* PROVIDED DATA
# # # #

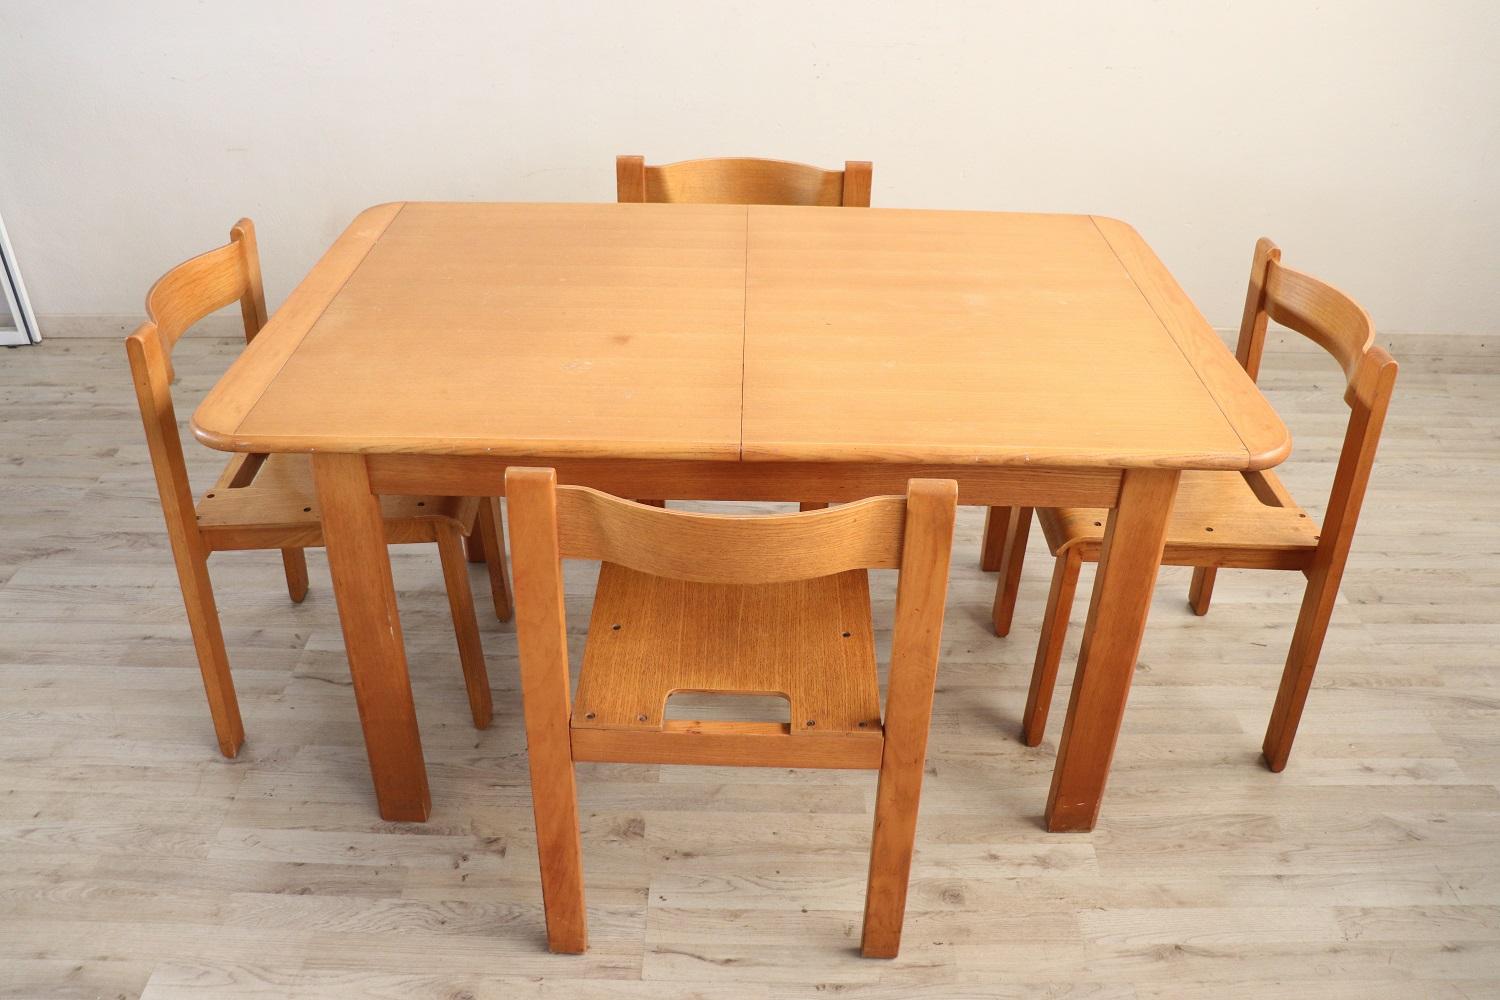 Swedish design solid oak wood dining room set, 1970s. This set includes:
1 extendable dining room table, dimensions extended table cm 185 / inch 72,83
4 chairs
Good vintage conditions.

# # # #

* PROBLEM DETAILS
The listing above should be repeated word for word, with every image left out.

* WRITTEN RESPONSE
 Swedish design solid oak wood dining room set, 1970s. This set includes:
1 extendable dining room table, dimensions extended table cm 185 / inch 72,83
4 chairs
Good vintage conditions.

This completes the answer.